Event Driven Emailing and Data Cleanup system for data science teams.

A feature where users can choose what happens to their old and unused ML models.

Varun Sai

9/21/20232 min read

As the number of our platform users grew, we noticed that there was a significant number of ML models which were not being used (As only the best model is chosen for production by the data science teams). This would cause a lot memory to be wasted, memory which could have been used for a myriad of other processes and products.

This would need cleaning up old data which was not being used (If only it was that simple). But this would need consent from the creators of these Models. This feature implementation was taken up by myself from conception to production and this entire feature had to be deployed on all the three environments (dev, stage and prod). All the upcoming processes were carried out by maintaining clear communication with product managers, making sure we as a team are not getting off the track.

As a frontend, there would be a emailing system which would communicate to the data science teams that there were multiple ML models which were being unused and asking them to delete it from their end to save memory.

More Importantly, as a backend, there were several celery nodes running continuously to check (a task to check the database will be pushed to the Redis queue the worker will be monitoring) for old (accessed 30 days before) models and pulling the information related to that model, getting the team members associated with that model, constructing the customized message for that team including generating the links to delete that specific model and would update the database accordingly. But only if it was that simple, Again. There was a catch.
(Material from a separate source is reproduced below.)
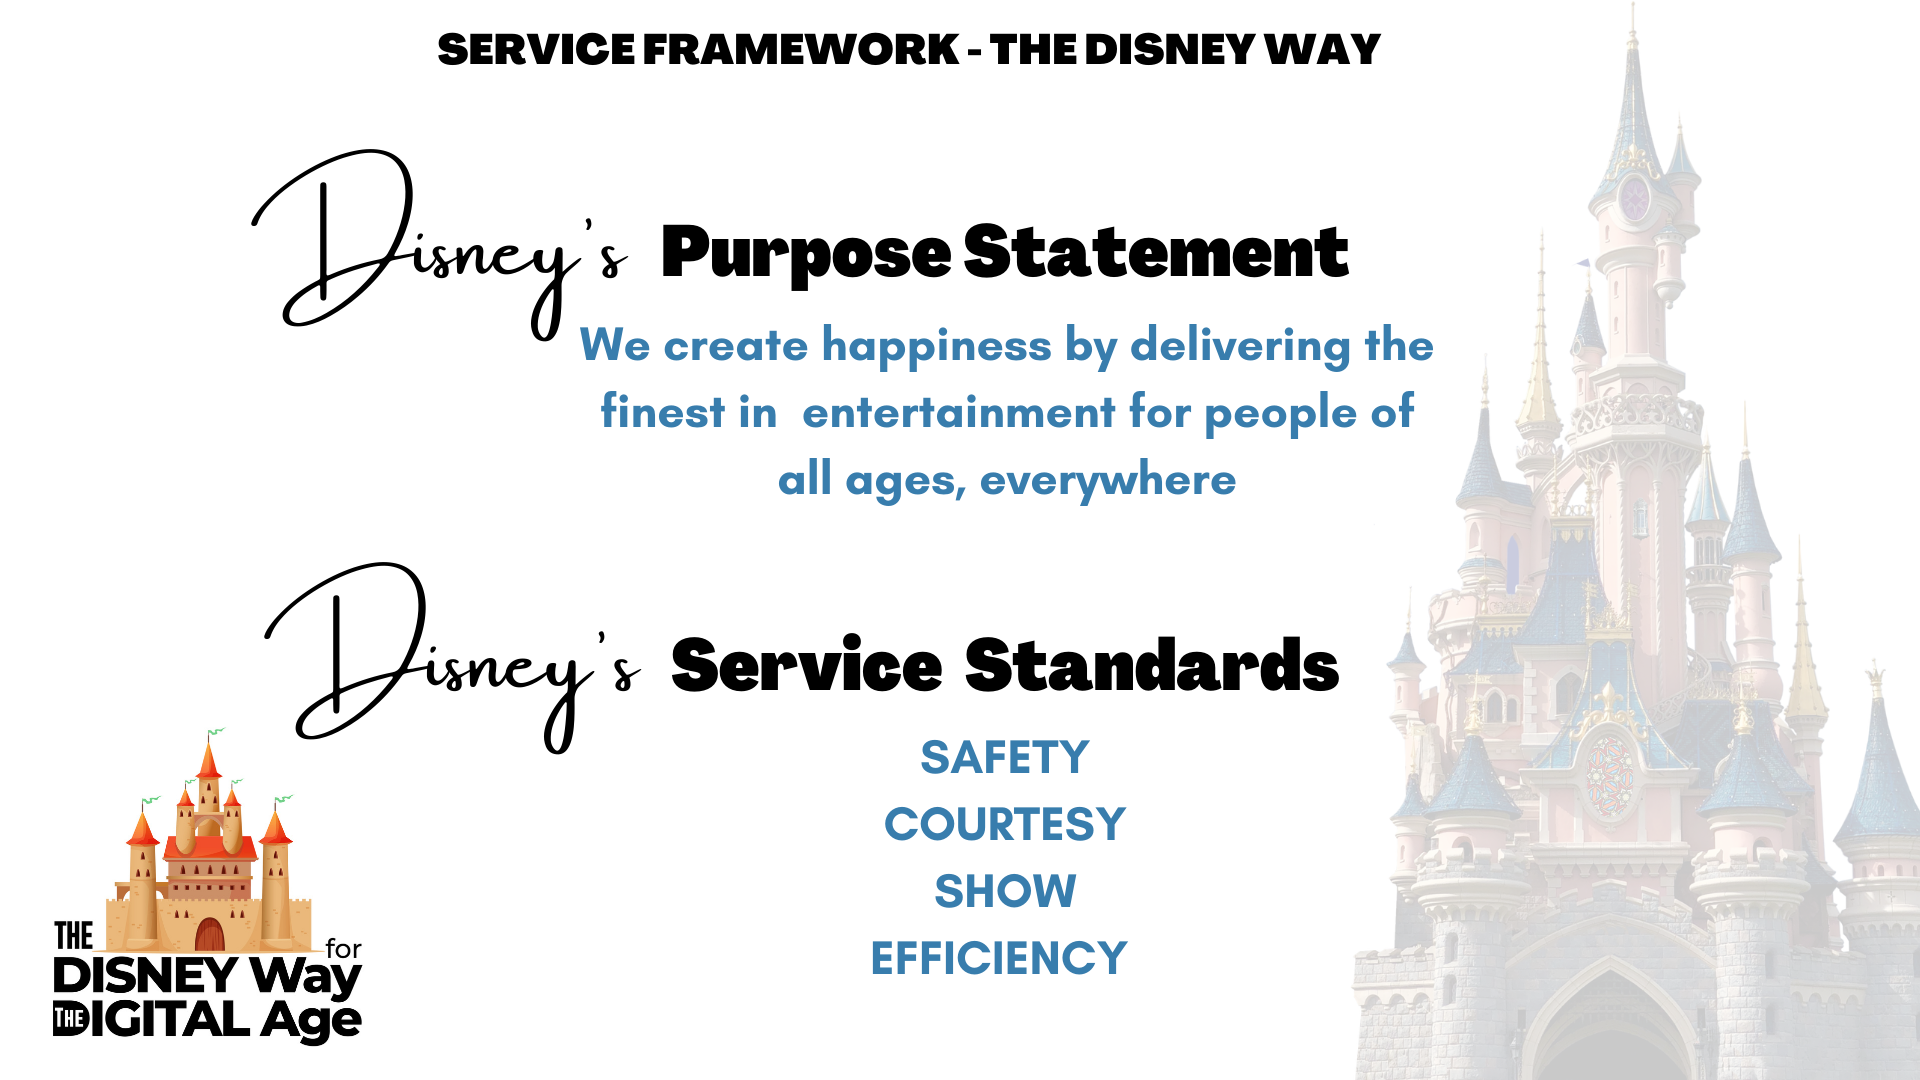 Disneys Purpose Statement and Service Standards

Above flow diagram is only a close estimation of the feature in production so as to not expose any sensitive data.

Some mails might get neglected (For example, a team member might leave the company or the mail might get buried) and the old models would stay there indefinitely. To ensure that those unused models were disposed for sure, the platform would wait for 50 days and would send out a final email mentioning that the model is scheduled to be deleted in 10 days. After 60 days, the model would be scheduled to be deleted for sure. Another celery worker monitoring a Redis queue would be checking for entries which satisfy this condition and would delete the models. The model could be stored in an Amazon S3 bucket or a HIVE DB. The worker should detect where the model is stored and should run the respective code according to the place where it was stored.
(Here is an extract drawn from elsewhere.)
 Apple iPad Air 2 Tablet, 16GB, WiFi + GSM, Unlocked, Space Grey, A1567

One of the primary factors taken into consideration when developing this feature was to maintain code modularity and reusability (which should be true for every feature implementation). As it turns out, there was similar issue with our clients training data. The same scenario would play out when the data scientist would be testing with their training data (featuresets) and would end up with multiple featuresets being generated with only the best one being put to use. This was an area of Improvement for the platform. Through the feature I developed, this was solved just by spinning up two new celery workers (for each environment), One to call the API to get the information about old featuresets and the other to dispose of older featuresets through the hive connector.

Time taken to complete: 3-4 Sprints.

Tech Stack and skills used: Python, Django, Python Celery, Redis, boto3, Hive connector, Docker, REST APIs,, Unit Testing and CI/CD.